En novembre dernier, Amnesty International alertait sur la dangerosité des contenus. Quels dangers présentent-ils pour la santé des adolescents ?
C'est très variable selon les personnalités des jeunes. Cela va de l'automutilation où ils se scarifient, mais certains sont poussés au suicide par ces contenus. Ils arrivent sur TikTok en étant déjà mal dans leur peau, et ces vidéos qui défilent sans arrêt "romancent" leur état de mal-être et le rendent légitime à leurs yeux.
C'est extrêmement dangereux. De plus, très peu de moyens sont mis en place pour les avertir des dangers liés au fait de regarder ces vidéos à longueur de journée. Ces contenus enferment les jeunes qui y sont exposés dans l’idée que ces pratiques sont anodines et bénéfiques alors qu'elles portent directement atteinte à leur santé.
Comment protéger le jeune public face à la multiplication de ces contenus ?

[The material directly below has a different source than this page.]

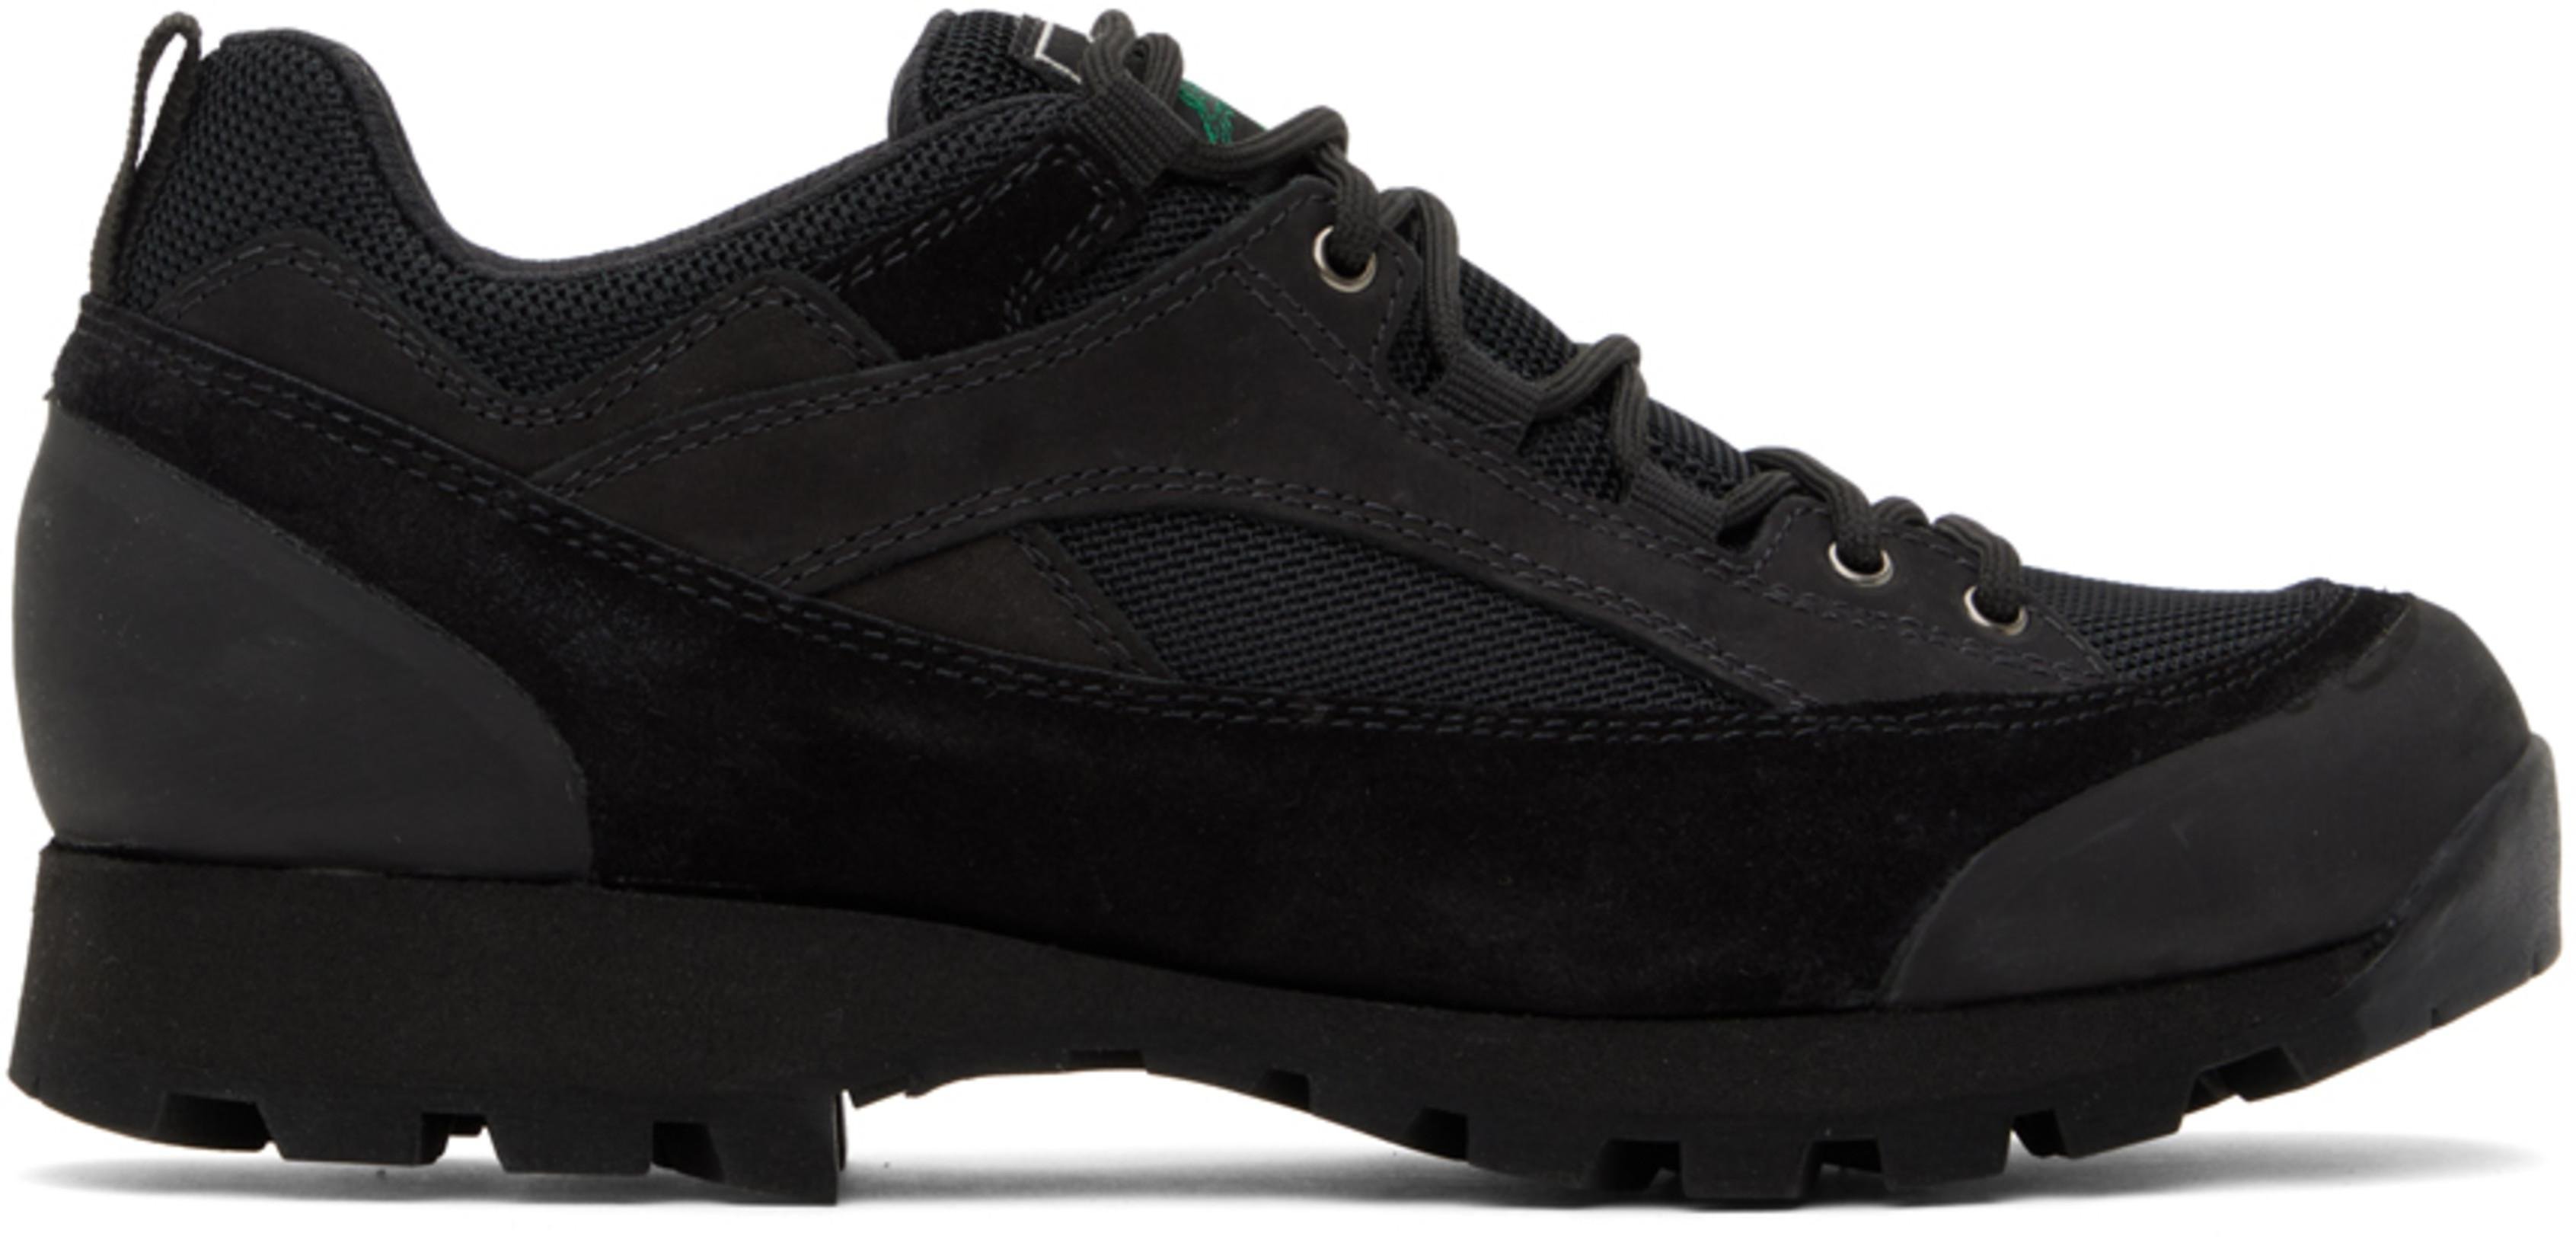 Black 'Grandpa Hiker' Sneakers by DIEMME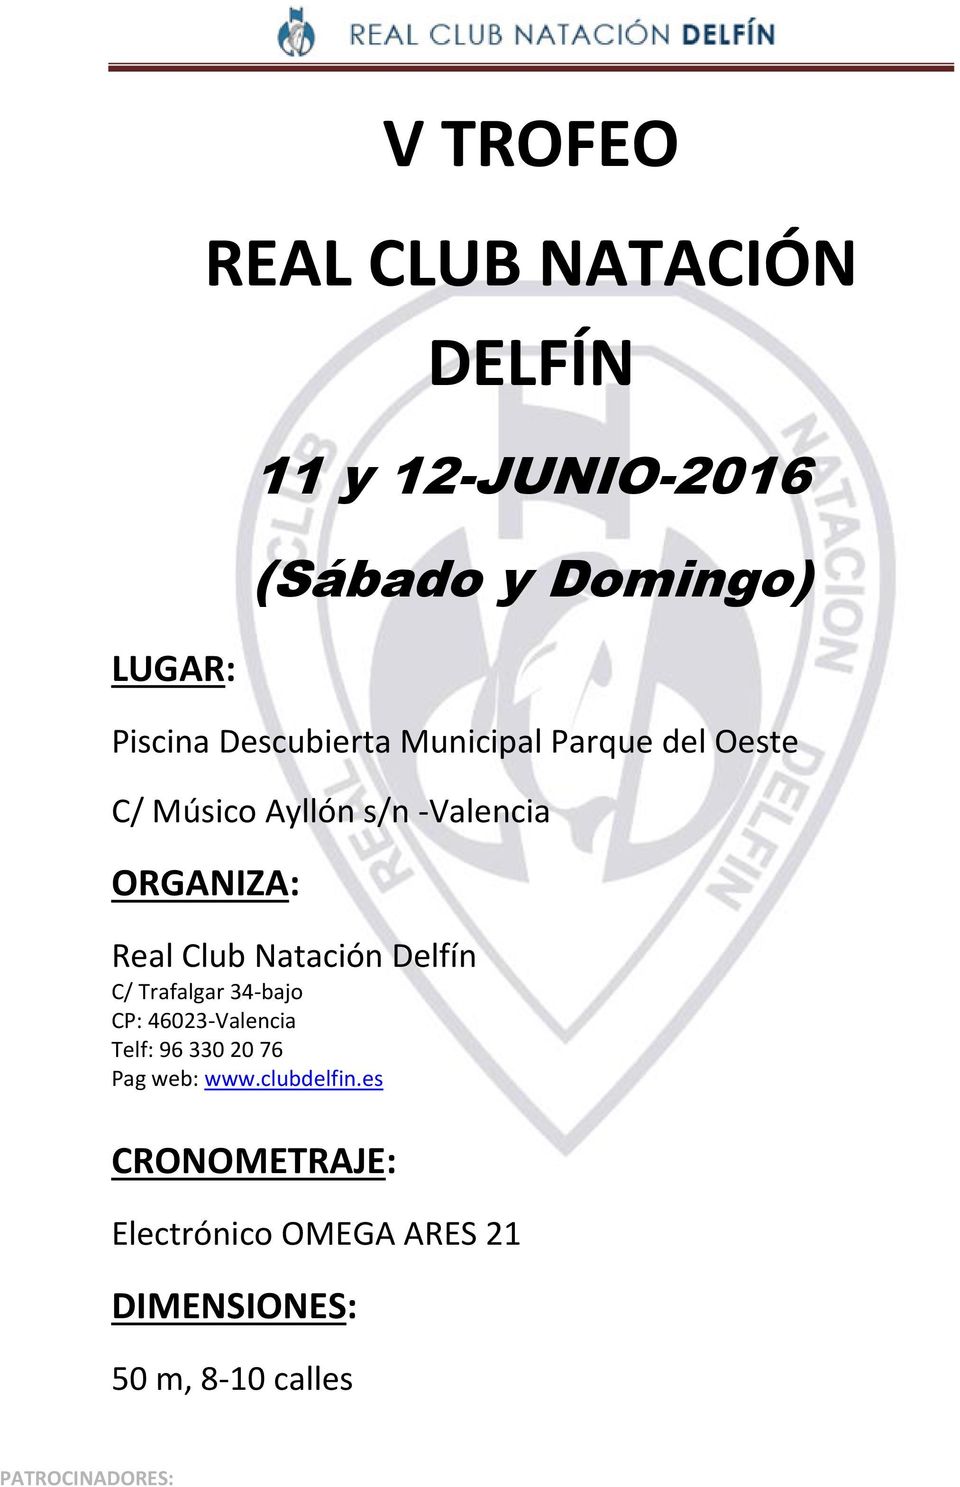 Club Natación Delfín C/ Trafalgar 34-bajo CP: 46023-Valencia Telf: 96 330 20 76 Pag

Il faut que les plateformes de réseaux sociaux continuent à travailler pour faire appliquer le principe de majorité numérique. En juillet 2023, une loi l'a fixée à 15 ans. Il faut également continuer à sensibiliser les parents face aux dangers qu'encourent leurs adolescents sur internet. Les aider à évoquer leurs ressentis sur ce qu'ils voient sur les réseaux sociaux.
Avant cet âge, le fait de naviguer seul sur TikTok ou d'autres réseaux sociaux peut amener les enfants et adolescents à voir des contenus inadaptés selon leur âge.
Qu'attendent les familles de ce recours ?
La justice française doit reconnaître la responsabilité de TikTok dans l'hébergement et la diffusion de vidéos qui peuvent mener à des comportements dangereux chez les adolescents. Cette application a une conception délibérément addictive et son algorithme ne parvient pas à modérer la diffusion de contenus faisant la promotion du suicide, de l'automutilation et des troubles alimentaires. Cela doit évoluer.
Le réseau doit répondre de ses actes et négligences. Cela doit passer par le fait de revoir les systèmes de modération et les algorithmes.
De son côté, TikTok indique n'avoir reçu "aucune notification relative à cette procédure judiciaire". Le réseau social assure supprimer " tout contenu évoquant un acte, ou tentative, de suicide, des idées suicidaires ou tout autre contenu qui pourrait inciter à commettre des actes de suicide ou d'automutilation."